The DRAFT U.S. Customs (“CBP”) Informed Compliance Publication (“ICP”) What Every Member of the Trade Community should know About BONA FIDE SALES & SALES FOR EXPORTATION TO THE UNITED STATES may be an incentive to revisit the way many importers structure their transactions and how they value their goods.
The DRAFT has a list of 33 “examples” of supporting documents that CBP may request when evaluating the use of the “first sale for export to the U.S.” as the basis for Customs value and the assessment of ad valorem duties. The result of such an evaluation may be the denial of the use of that value. The importer would then be required to declare and pay duty on the higher value charged by a middleman to the importer than on the lower price paid by the middleman to the manufacturer.
The “best of both worlds,” whereby the importer paid duty on the lower price but paid income taxes on a cost of goods sold incorporating the higher price actually paid to the middleman would be gone.
What to do.
In the days before Nissho Iwai, i.e. Nissho Iwai American Corp. v United States, 982 F.2d 505 (Fed. Cir. 1992), the use of buying agents to whom buying commissions are paid was more common than in the ensuing years. The buying agent is an intermediary, but is NOT a seller or reseller to the U.S. importer.
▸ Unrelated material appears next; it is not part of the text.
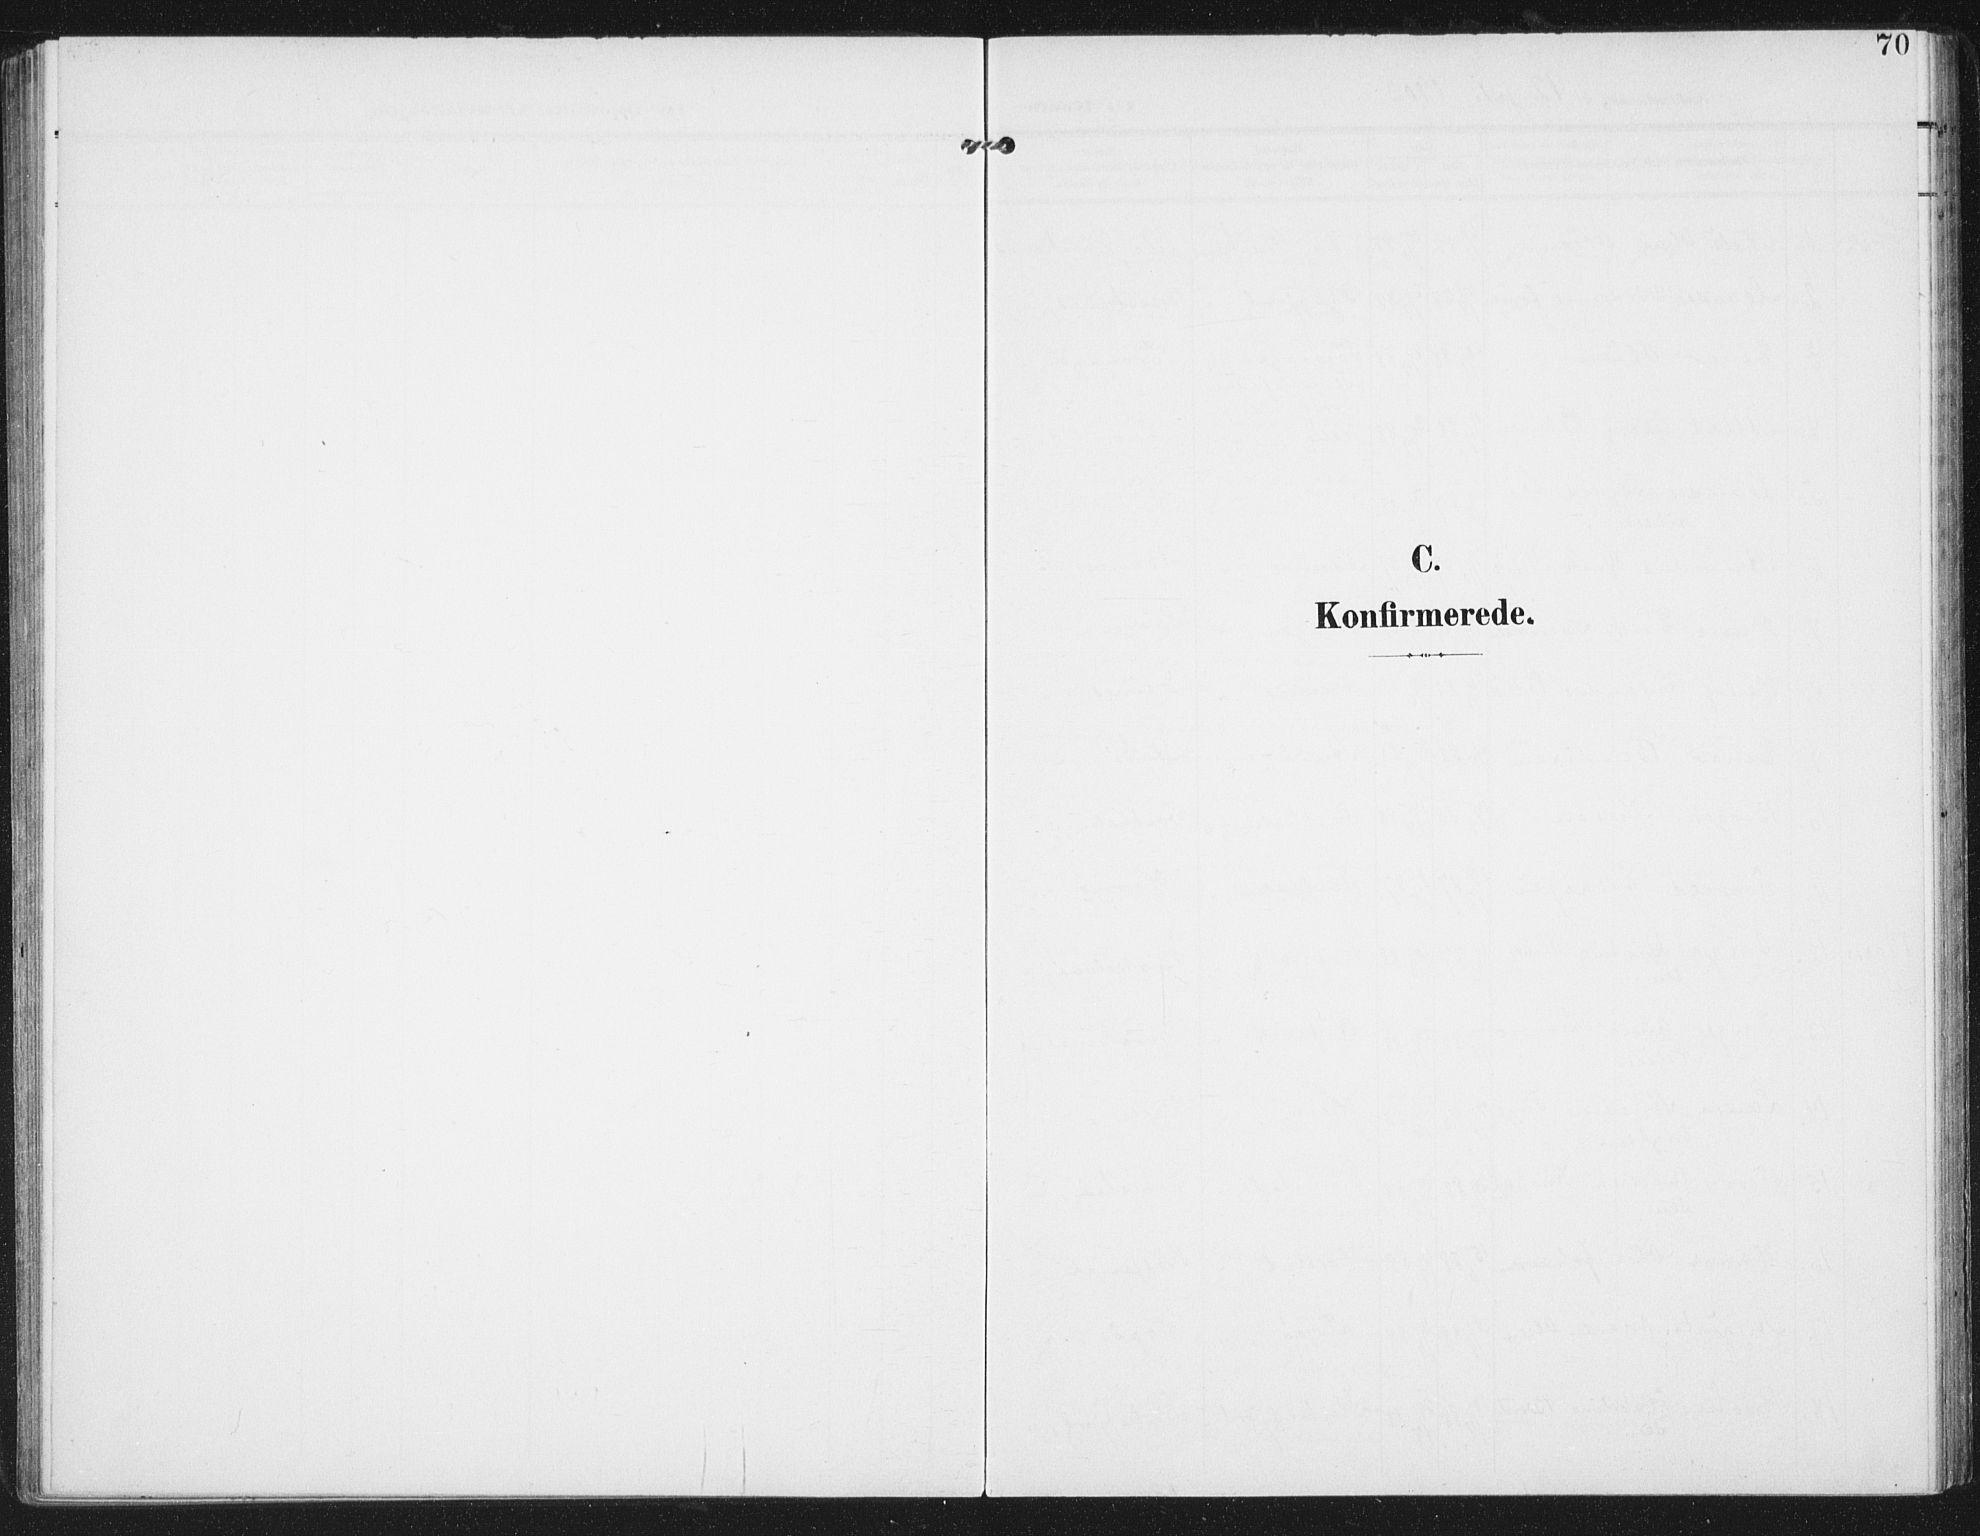 SAT, Ministerialprotokoller, klokkerbøker og fødselsregistre - Nordland, 886/L1221: Parish register (official) no. 886A03, 1903-1913, p. 70

If your present Nissho Iwai middleman/seller is to become a buying agent whose fee, as opposed to his profit, is to be excluded from entered value, some changes in the importer’s relationship will be necessary. Note that the buying agency commission very likely will be less than what a middleman might have made as a profit on resale.
Bona fide buying commissions are not included in transaction value as part of the price actually paid or payable or as an addition thereto. See Pier 1 Imports, Inc. v. United States¸13 Ct. Int’l Trade 161, 164, 708 F. Supp. 351, 354 (1989); Rosenthal-Netter, Inc. v. United States, 12 Ct. Int’l Trade 77, 78, 679 F. Supp. 21, 23 (1988), aff’d, 861 F.2d 261 (Fed. Cir. 1988); and Jay-Arr Slimwear, Inc. v. United States, 12 Ct. Int’l Trade 133, 136, 681 F. Supp. 875, 878 (1988).
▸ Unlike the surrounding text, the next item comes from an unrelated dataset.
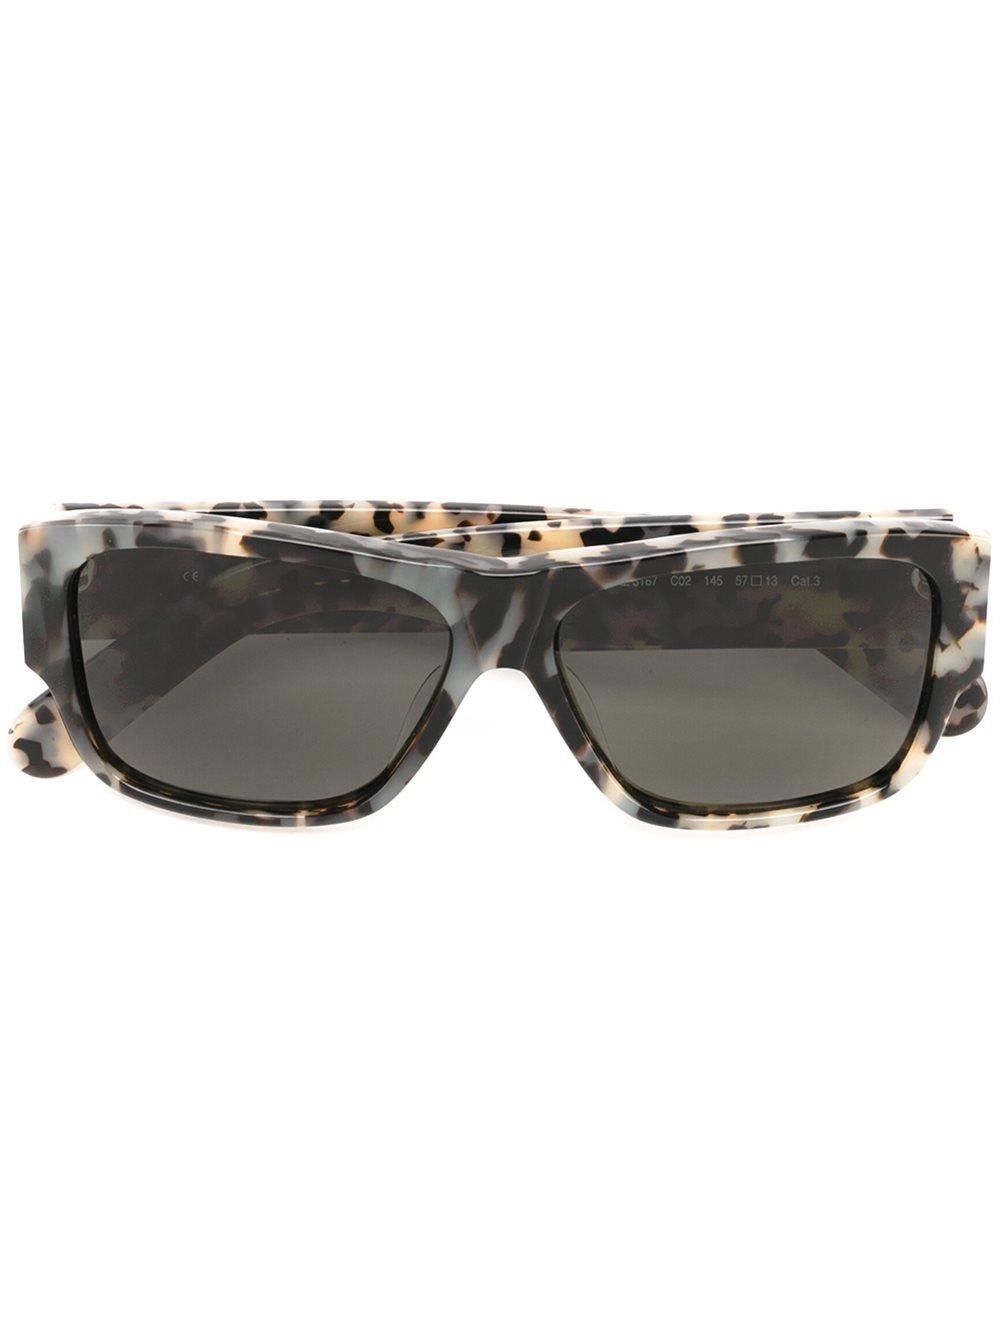 2072a8a768983a Kenzo lunettes de soleil à monture carrée Femme Accessories,kenzo  kalifornia mini crossbody bag,pas cher marque

The existence of a bona fide buying commission depends upon the relevant factors of the individual case, and the importer has the burden of proving that a bona fide agency relationship exists and that payments to the agent constitute bona fide buying commissions. The totality of the evidence must demonstrate that the purported agent is in fact a bona fide buying agent and not a selling agent or an independent seller. Headquarters Ruling Letter (“HQ”) 542141 dated September 29, 1980, also cited as TAA No. 7.
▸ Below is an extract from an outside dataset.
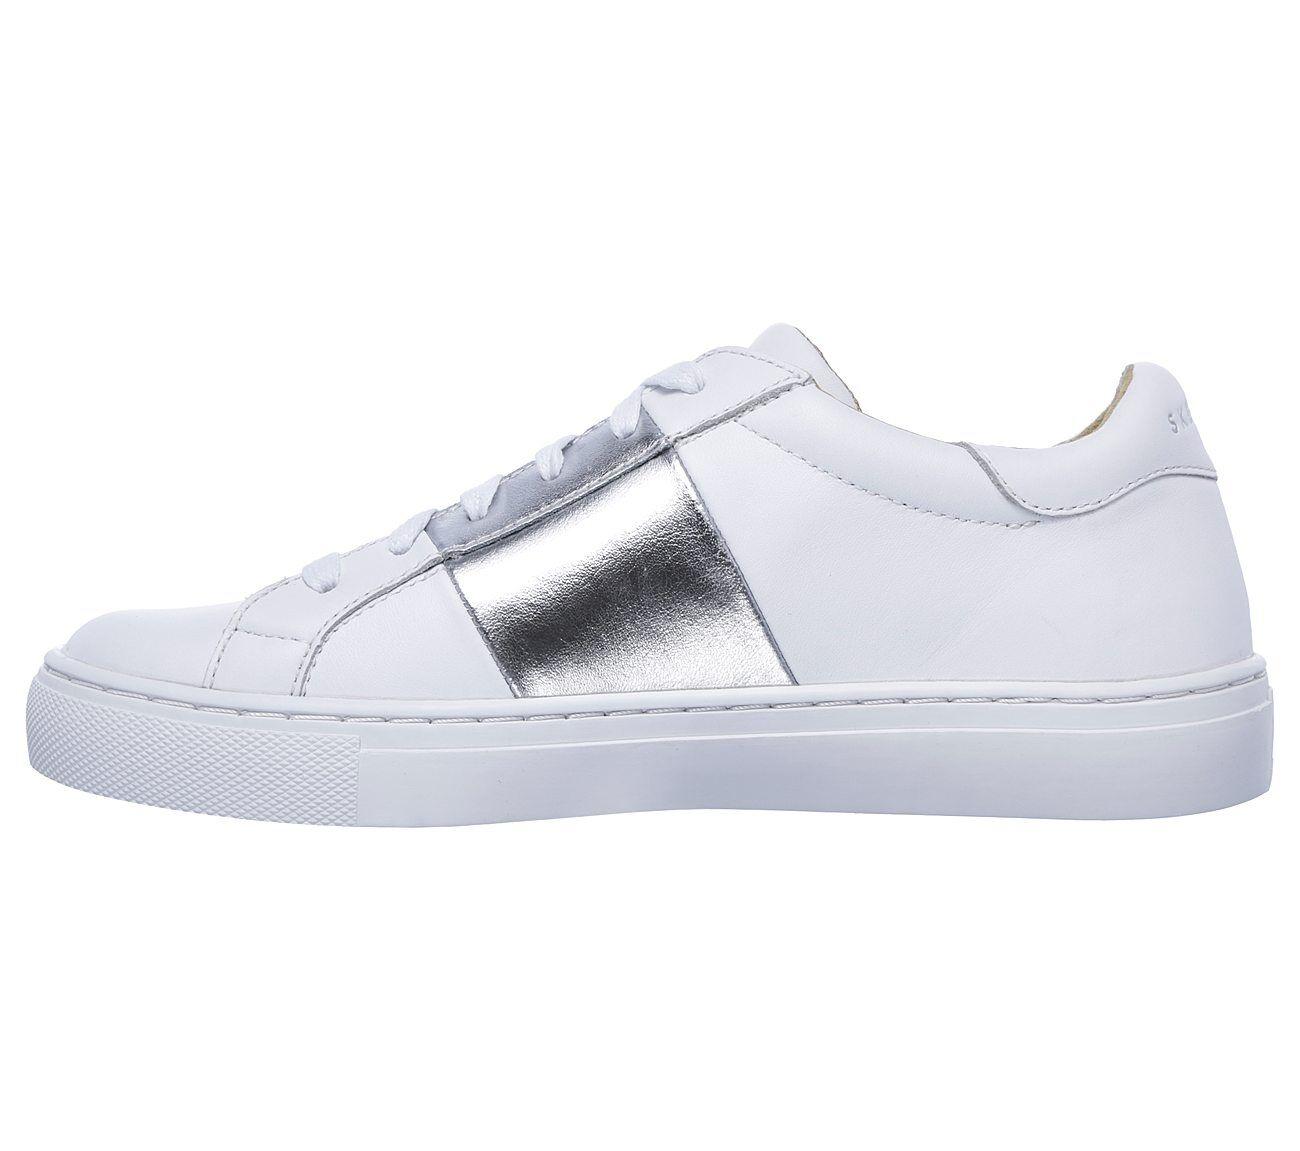 Skechers Side Street – Banded White

CBP has said that although no single factor is determinative, the primary consideration in determining whether an agency relationship exists is the right of the principal to control the agent’s conduct with respect to those matters entrusted to the agent.
In addition, the courts have examined such factors as the existence of a WRITTEN buying agency agreement; whether the importer could have purchased directly from the manufacturers without employing an agent; whether the agent was financially detached from the manufacturer of the merchandise; and the transaction documents. The courts have also examined whether the purported agent’s actions were primarily for the benefit of the principal; whether the agent bore the risk of loss for damaged, lost or defective merchandise; whether the agent was responsible for the shipping and handling and the costs thereof; and whether the intermediary was operating an independent business, primarily for its own benefit.
The written buying agency agreement can address these points. Can this work? It depends.